What makes The Legend of Korra, great, though, is that it’s all about what it means to change. Toph is very much still the same person at 90 that she was when she was 10, but she’s had to figure out what it means to be an adult that people rely on. She’s changed, but she hasn’t. Korra herself goes through an even more drastic evolution, which is part of what makes the show so thrilling.
Aang and Korra are designed to be opposites. Aang is a natural with airbending, and Korra can bend everything but. Aang has an intuitive connection with the spiritual world, and Korra struggles to connect with them at all. Aang hates being the avatar, and Korra completely subsumes her identity into the role.
These intentional contrasts immediately distinguish Korra from Aang, but they also prove to be fruitful avenues for Korra as she changes and evolves. Her inability to see herself as anything other than the avatar means that, at the end of the show’s third season ,when she’s horribly weakened by a battle with Zaheer, she finds herself completely adrift.
Of the characters in Avatar, Korra is most like Zuko, a hot-head who thinks they understand the world, only to discover that the identity they clung on to so desperately was not one they really needed. It should come as no surprise, then, that Korra‘s sister episode to “Zuko Alone” is “Korra Alone.” The episode comes in the aftermath of her complete debilitation, as she explores the lingering effects of her trauma and realizes how lost she is if she can’t be the avatar.

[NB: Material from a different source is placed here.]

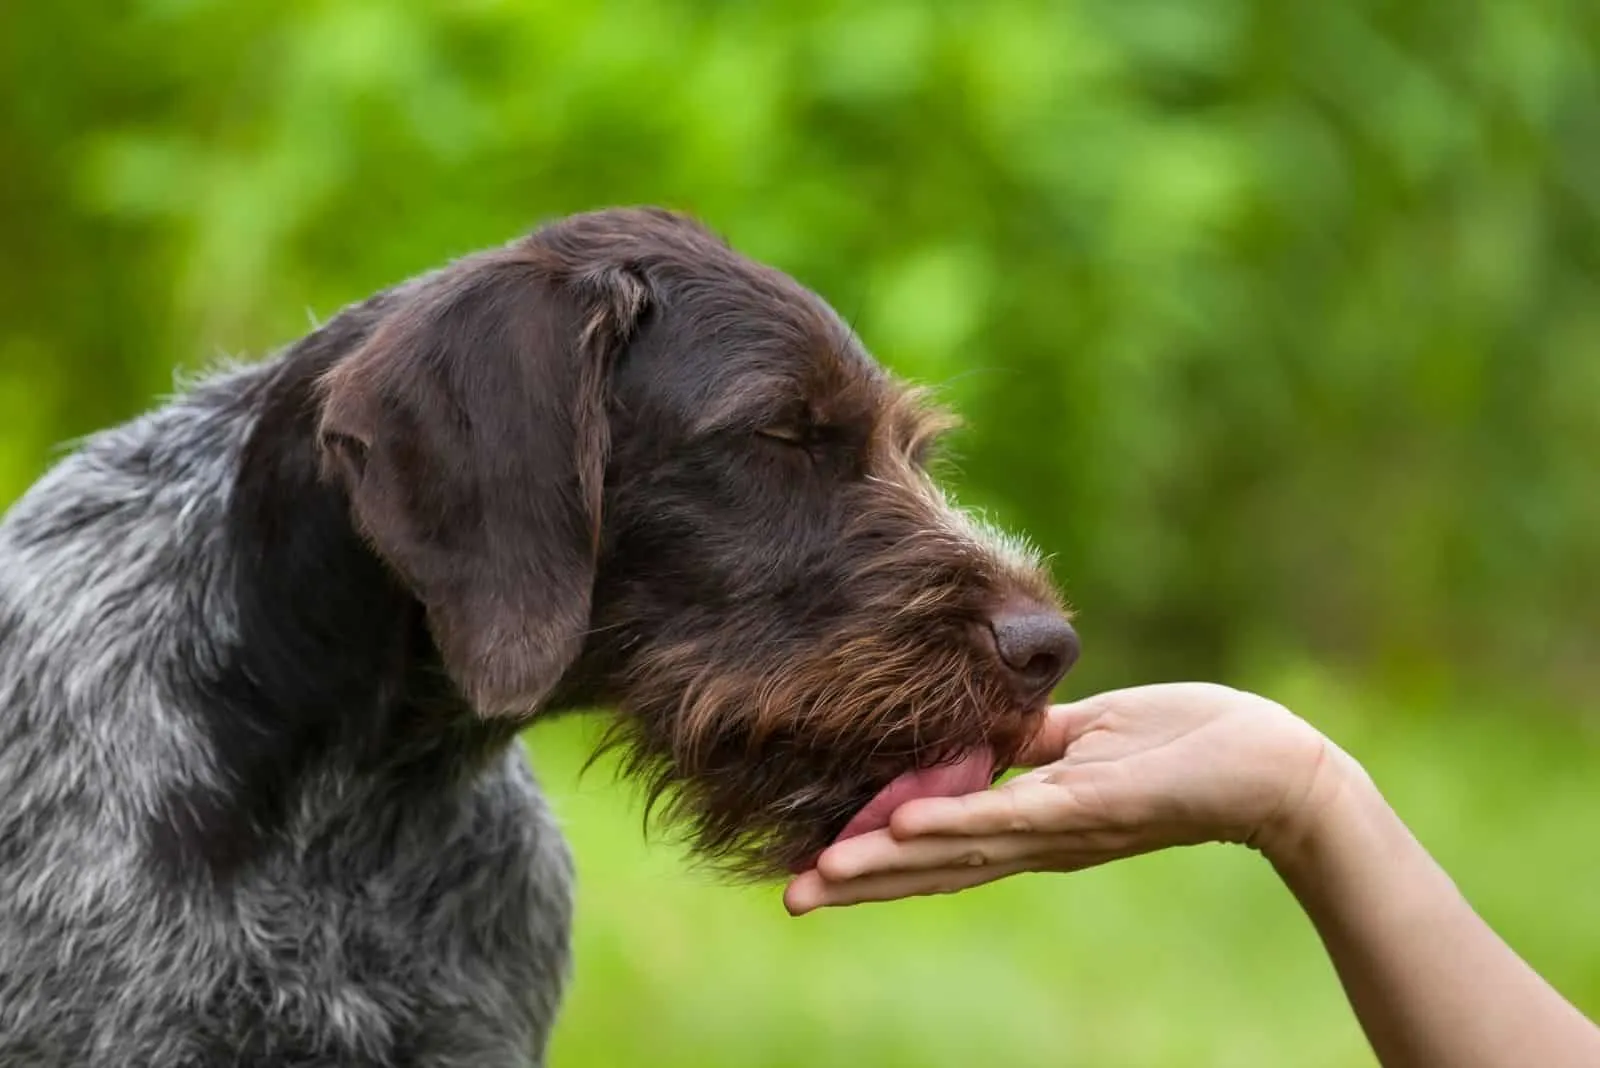 dog licking hand of a woman outdoors

Korra herself goes through incredible change over the course of her show in a way that Aang simply doesn’t. Aang has principles when the show starts that remain steadfast throughout, and while he learns how to become an avatar, the way he sees the world doesn’t change.

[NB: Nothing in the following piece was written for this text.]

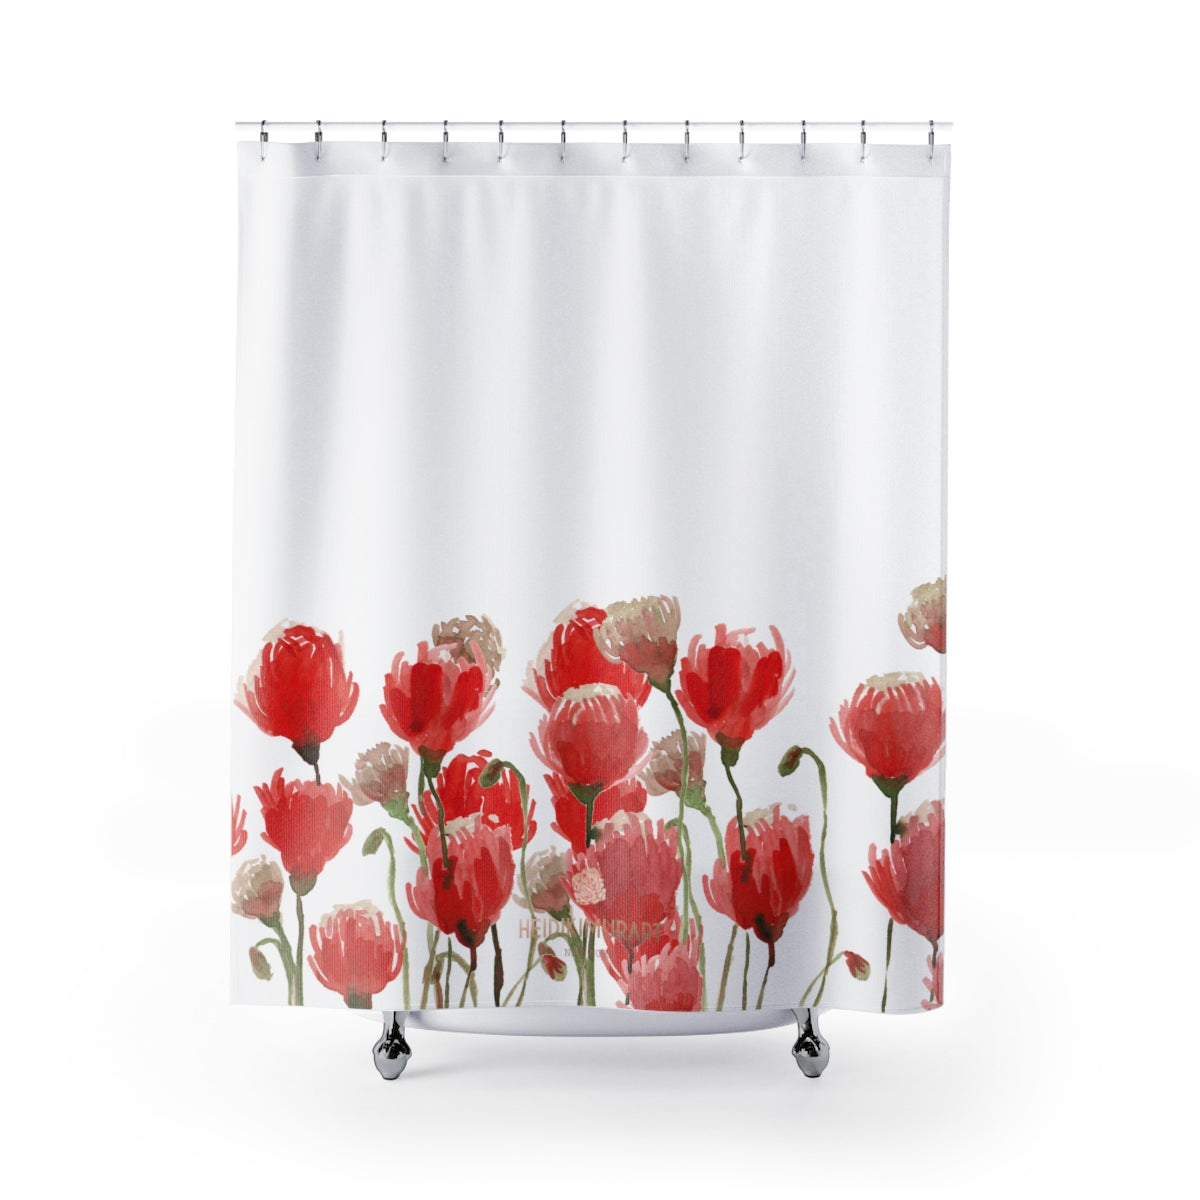 White Red Poppy Flower Floral Print Designer Polyester Shower Curtains- Made in USA-Shower Curtain-71" x 74"-Heidi Kimura Art LLC White and Red Poppy Flower Floral Print Designer Polyester Shower Curtains- Printed in USA, Premium Bathroom Shower Curtains Home Decor Large 100% Polyester 71x74 inches

Korra, on the other hand, is always bumbling from one bad idea to another. She arrives at an understanding that balance, which is the avatar’s chief responsibility, also necessarily means holding ideas in tension with one another. She has to recognize that many of the world’s existing institutions are flawed without wanting to see them completely destroyed.
Above all else, Korra has to realize that she should trust her own thoughts and perspective, and realize that what she thinks is just as important as the people she fights. It’s a journey of self-realization, and a thrilling one at that. On top of all of that, the romantic conclusion of her story was a genuine watershed moment for LGBTQ+ characters on screen.
Watching The Legend of Korra through that lens, it begins to feel every bit as impactful as its predecessor, even if it doesn’t have the same cultural footprint. Here’s hoping one of those theatrically released Avatar movies is about her.
You can watch all four seasons of The Legend of Korra on Netflix.